The dataset contains a roll of the guests on board the famous ship Titanic, as well as their age, survival status, and number of siblings/parents. Before we get started with loading the data into Python, it is critical that we spend some time looking over the information provided for the dataset so that we can have a thorough understanding of what it contains. Download the dataset and place it in the directory you're working in.

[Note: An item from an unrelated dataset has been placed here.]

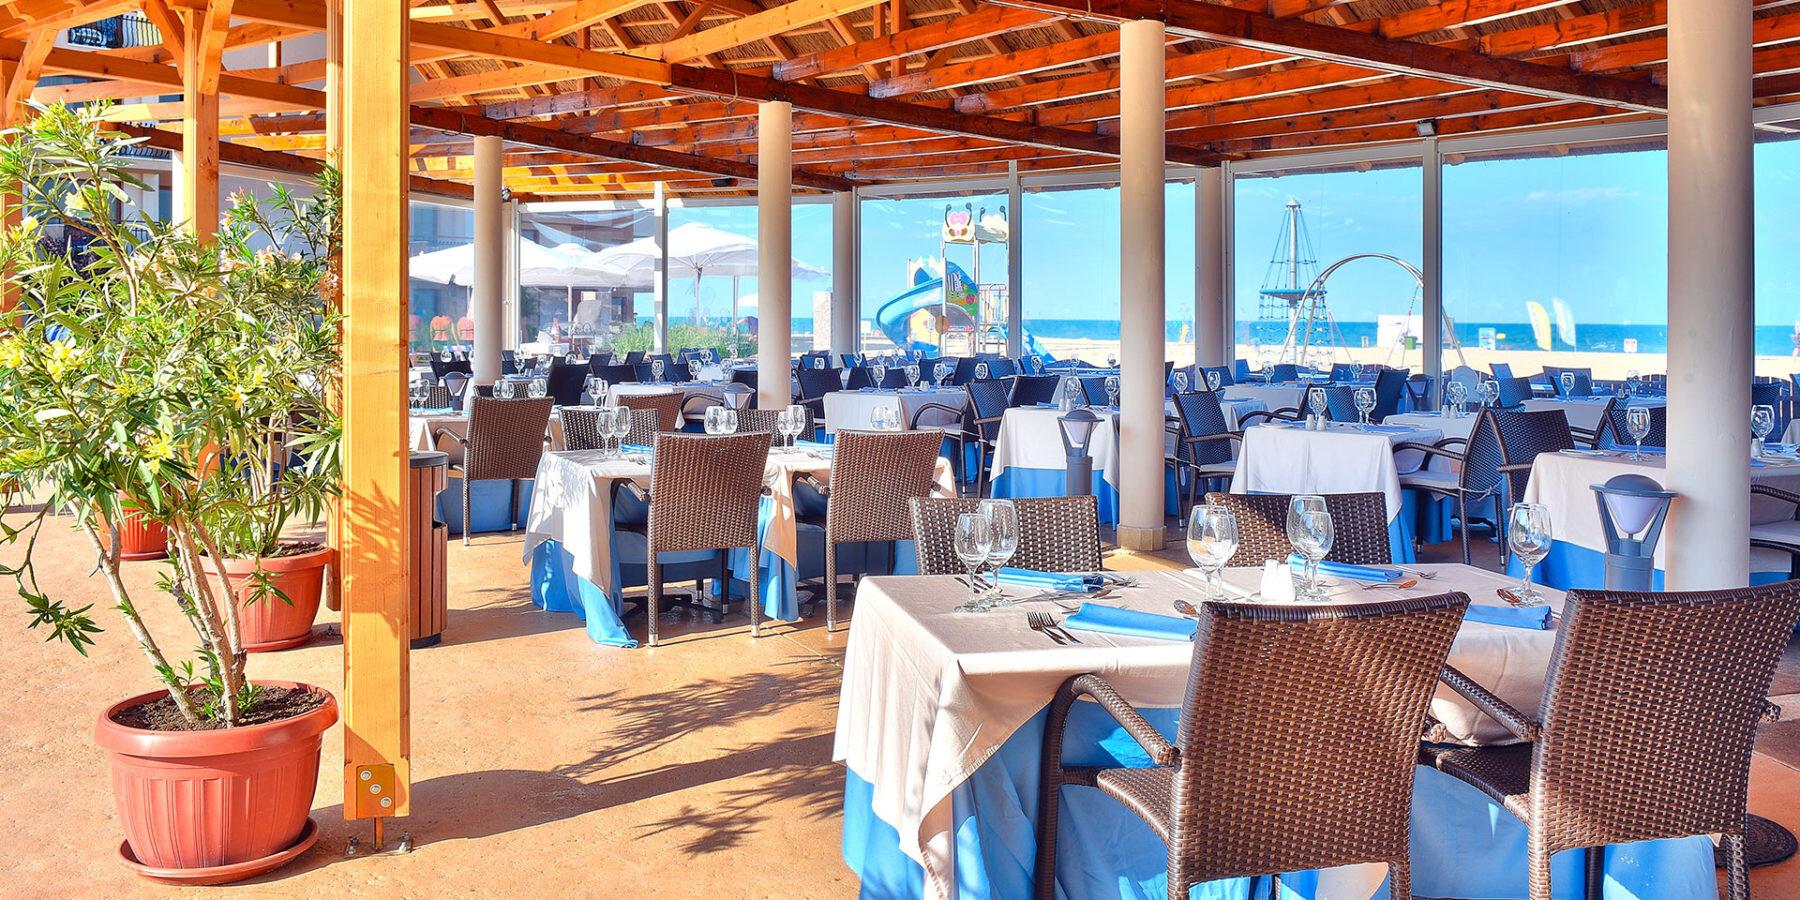 Хотел Мирамар 4* - a la cart ресторант

Looking at the description for the data, we can see that we have the following fields available:

  • survival: This tells us whether a given person survived (0 = No, 1 = Yes).
  • pclass: This is a proxy for socio-economic status, where first class is upper, second class is middle, and third class is lower status.
  • sex: This tells us whether a given person is male or female.
  • age: This is a fractional value if less than 1; for example, 0.25 is 3 months. If the age is estimated, it is in the form of xx.5.
  • sibsp: A sibling is defined as a brother, sister, stepbrother, or stepsister, and a spouse is a husband or wife.
  • parch: A parent is a mother or father, while a child is a daughter, son, stepdaughter, or stepson. Children that traveled only with a nanny did not travel with a parent. Thus, 0 was assigned for this field.
  • ticket: This gives the person's ticket number.
  • fare: This is the passenger's fare.
  • cabin: This tells us the passenger's cabin number.
  • embarked: The point of embarkation is the location where the passenger boarded the ship.

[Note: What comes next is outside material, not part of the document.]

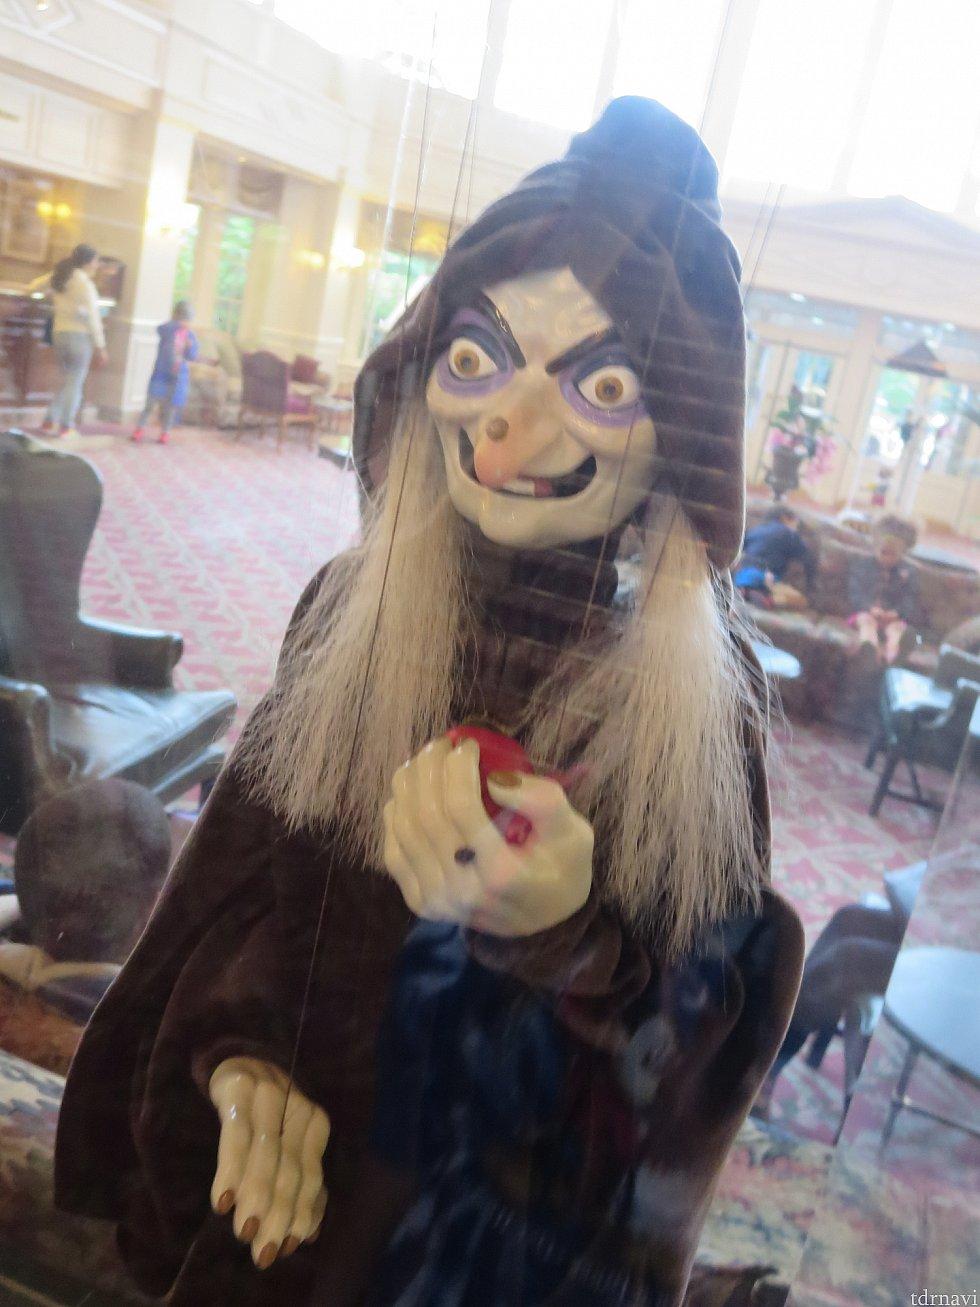 ホテルロビーにある人形。なぜこれをチョイスしたのか。笑

Note that the information provided with the dataset does not give any context as to how the data was collected. The survival, pclass, and embarked fields are known as categorical variables as they are assigned to one of a fixed number of labels or categories to indicate some other information. For example, in embarked, the C label indicates that the passenger boarded the ship at Cherbourg, and the value of 1 in survival indicates they survived the sinking.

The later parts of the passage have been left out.